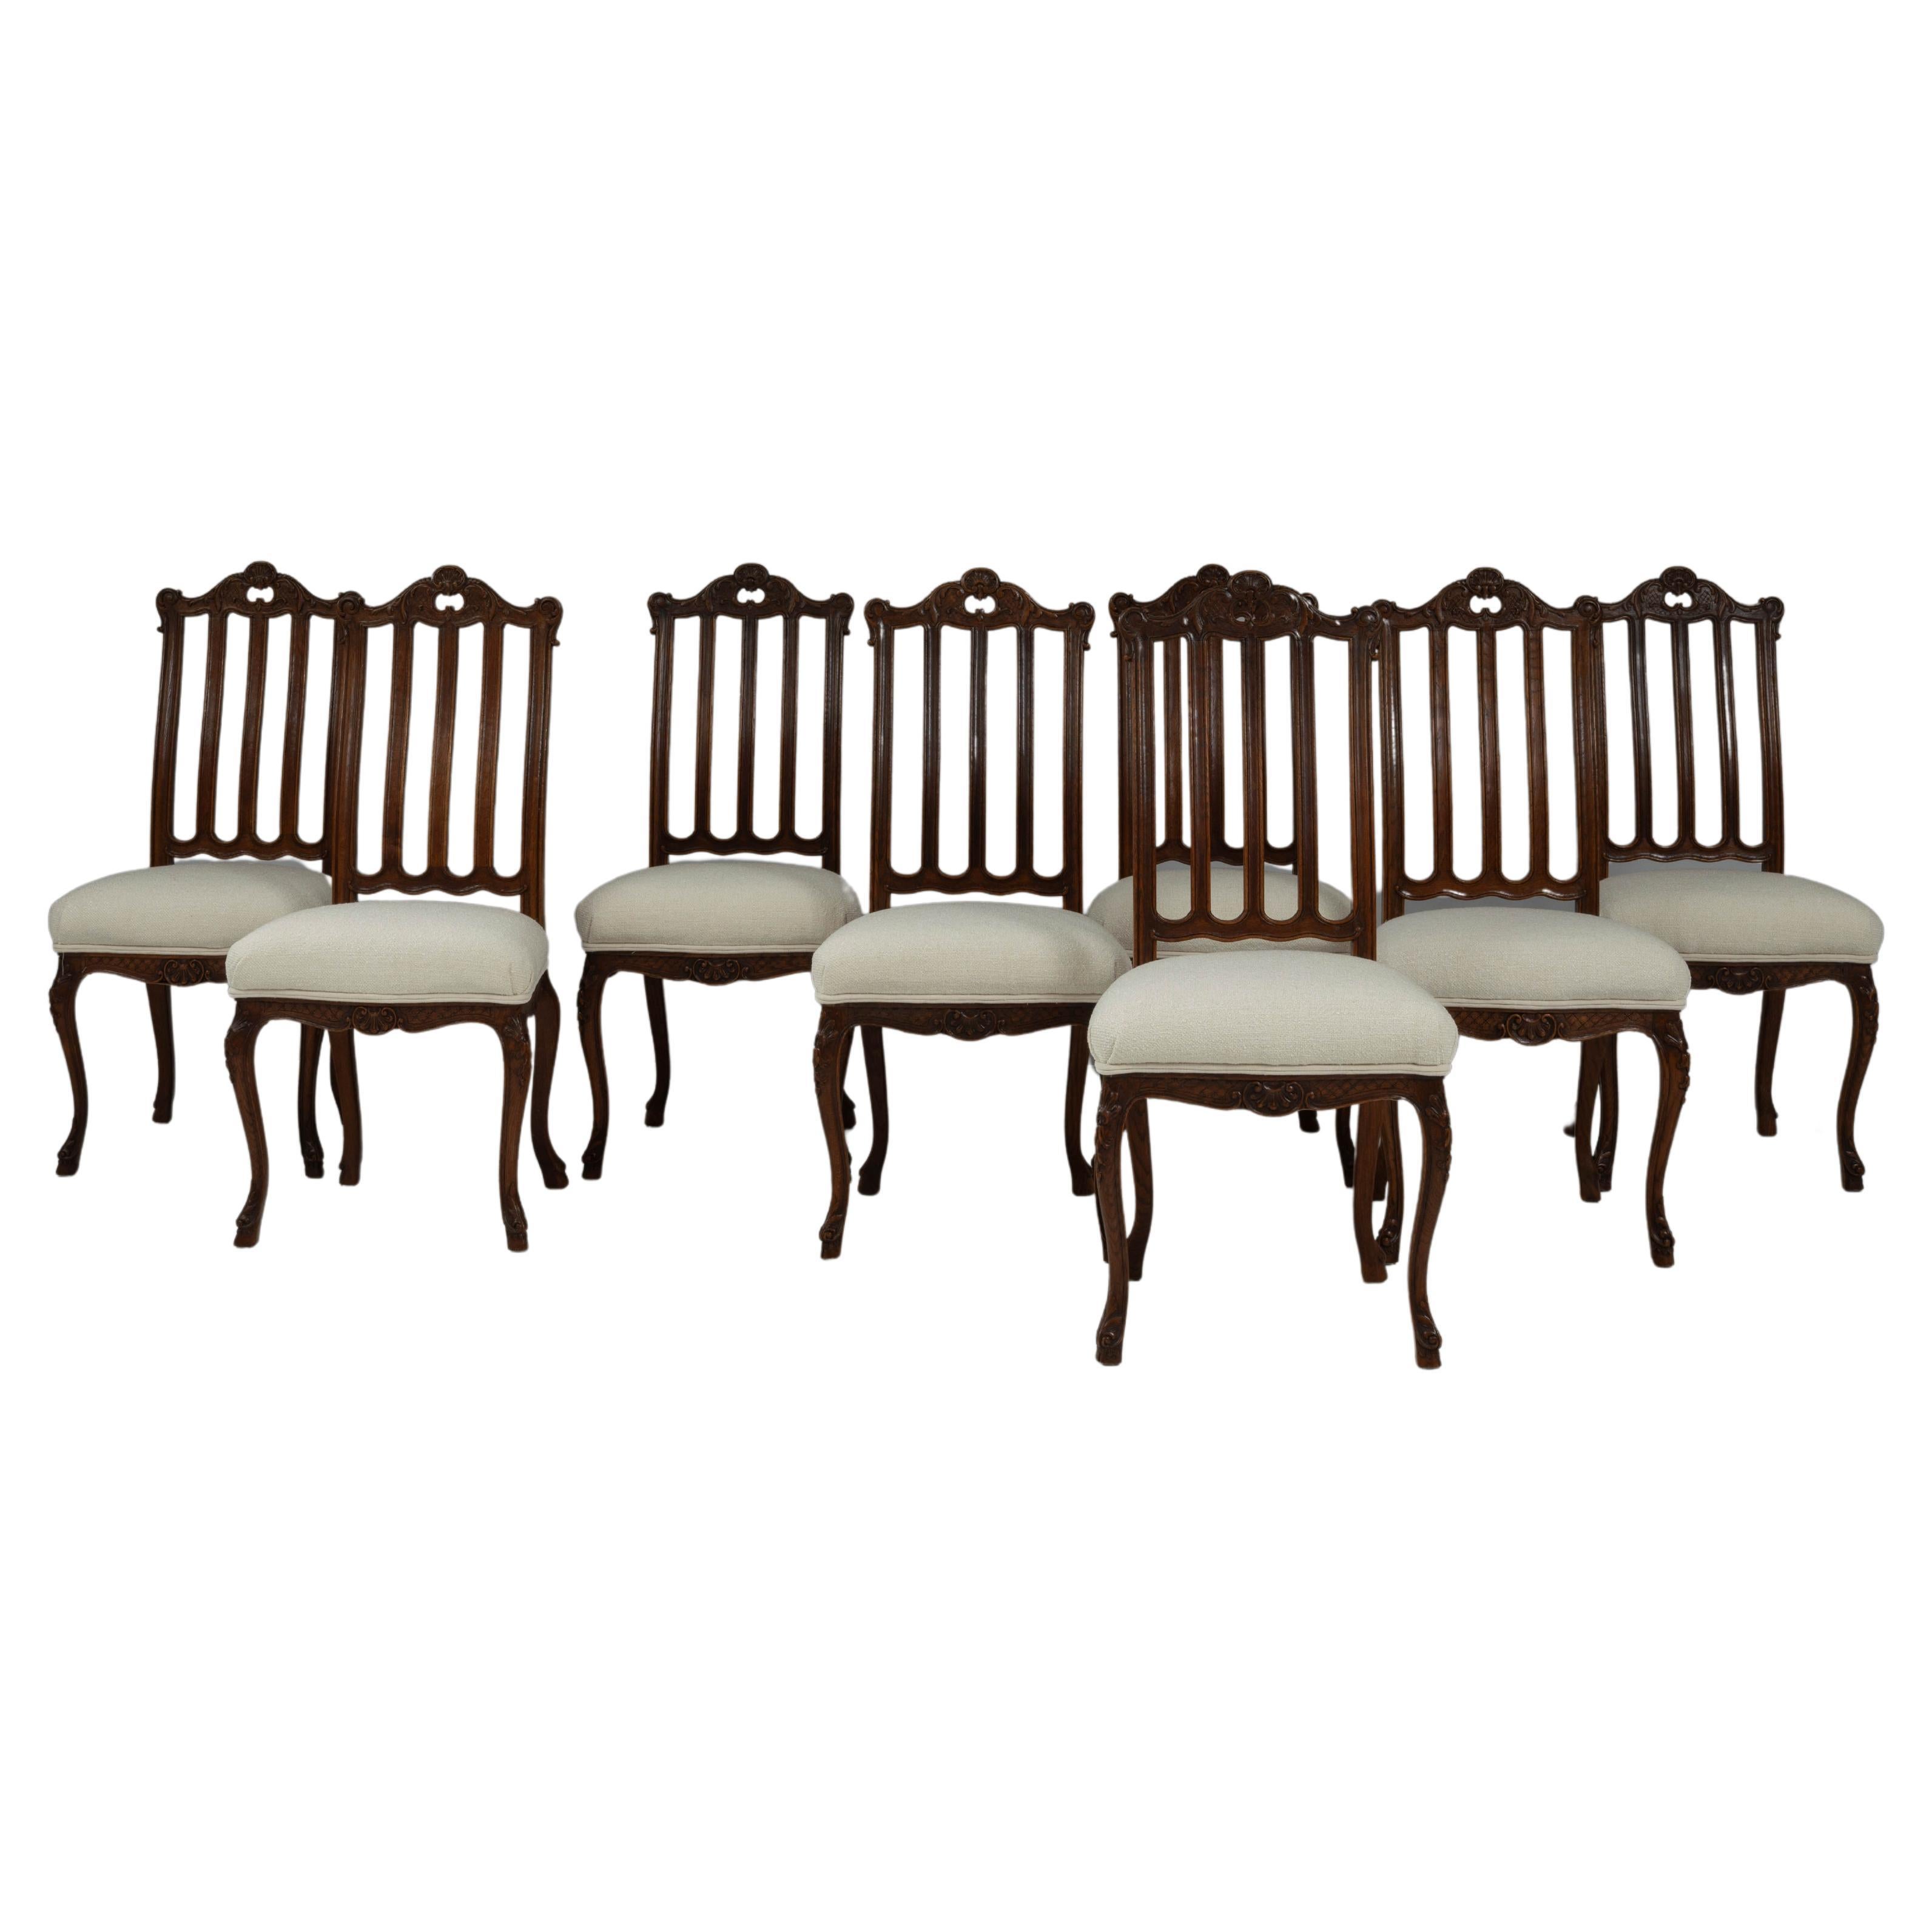 20th Century French Upholstered Dining Chairs, Set of 8
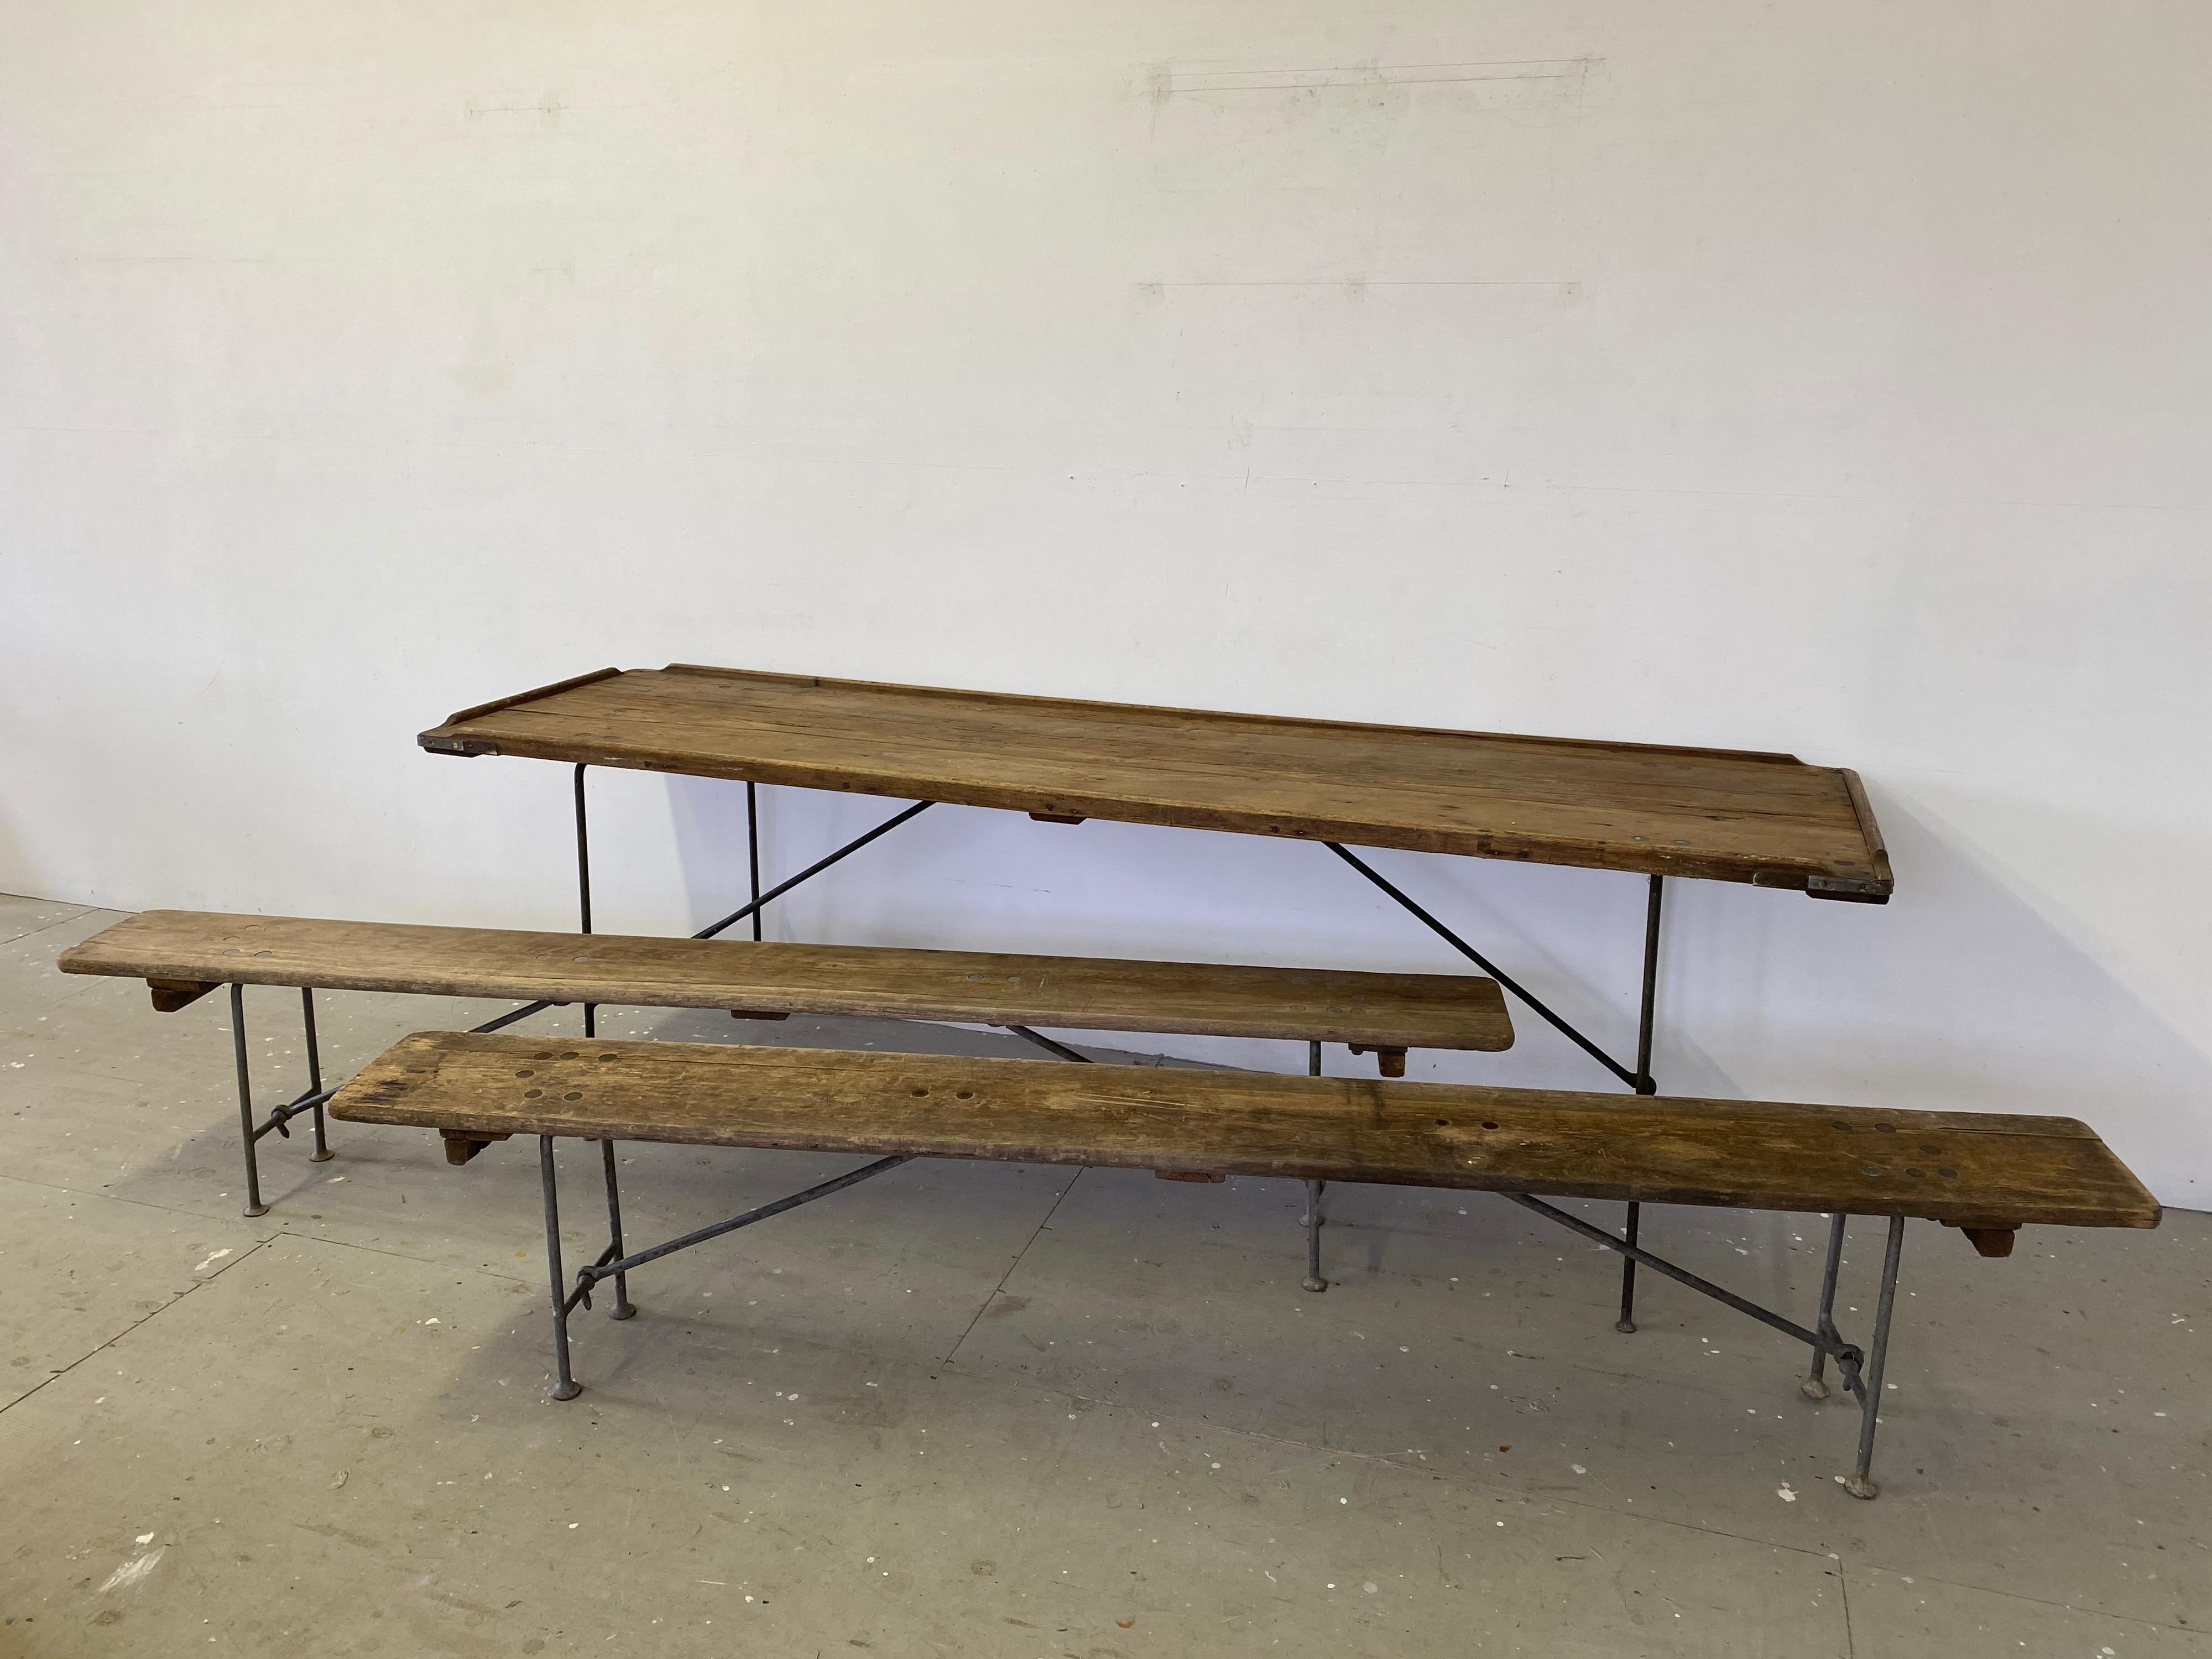 1930s naval/ aircraft carrier table and 2 matching benches. Beautifully engineered and solid folding table and benches! Heavy metal legs fold open or shut to allow for easy set-up! I have had the benches before, but never a table! Table has a lip
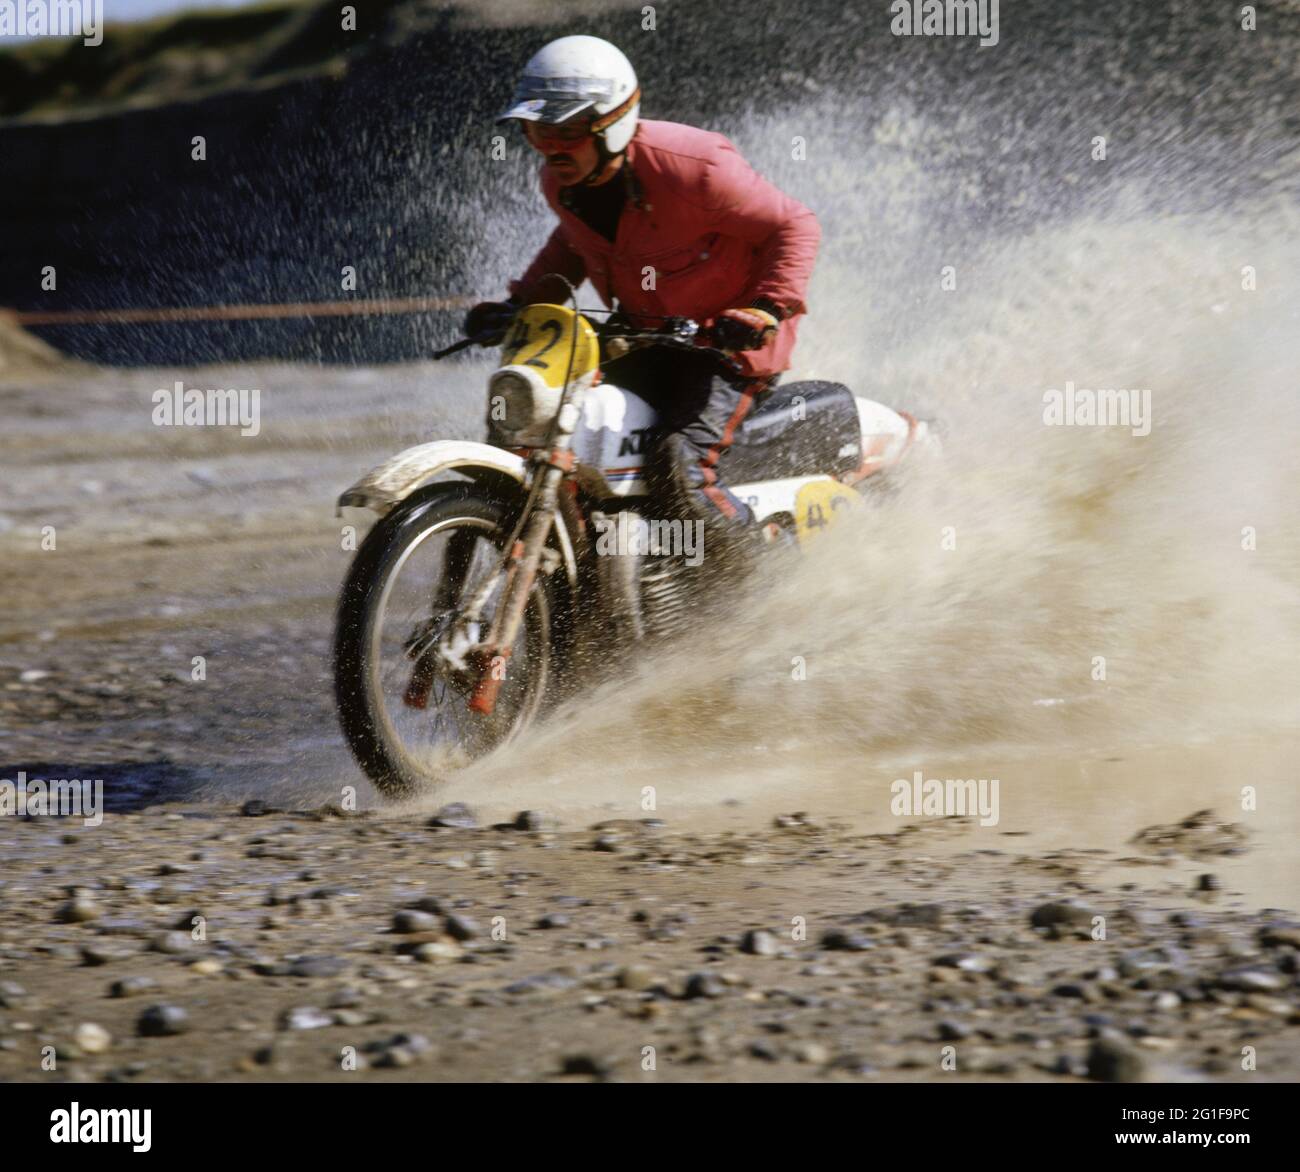 sports, motorcycle, cross country drive, 70s, ADDITIONAL-RIGHTS-CLEARANCE-INFO-NOT-AVAILABLE Stock Photo

# # # # #

_ACTIVITY_:
Since the pictures are not part of the copy, transcribe only the remaining material, exactly.

_TASK ANSWER_:
 20th Century French Upholstered Dining Chairs, Set of 8
 1930s naval/ aircraft carrier table and 2 matching benches. Beautifully engineered and solid folding table and benches! Heavy metal legs fold open or shut to allow for easy set-up! I have had the benches before, but never a table! Table has a lip
 sports, motorcycle, cross country drive, 70s, ADDITIONAL-RIGHTS-CLEARANCE-INFO-NOT-AVAILABLE Stock Photo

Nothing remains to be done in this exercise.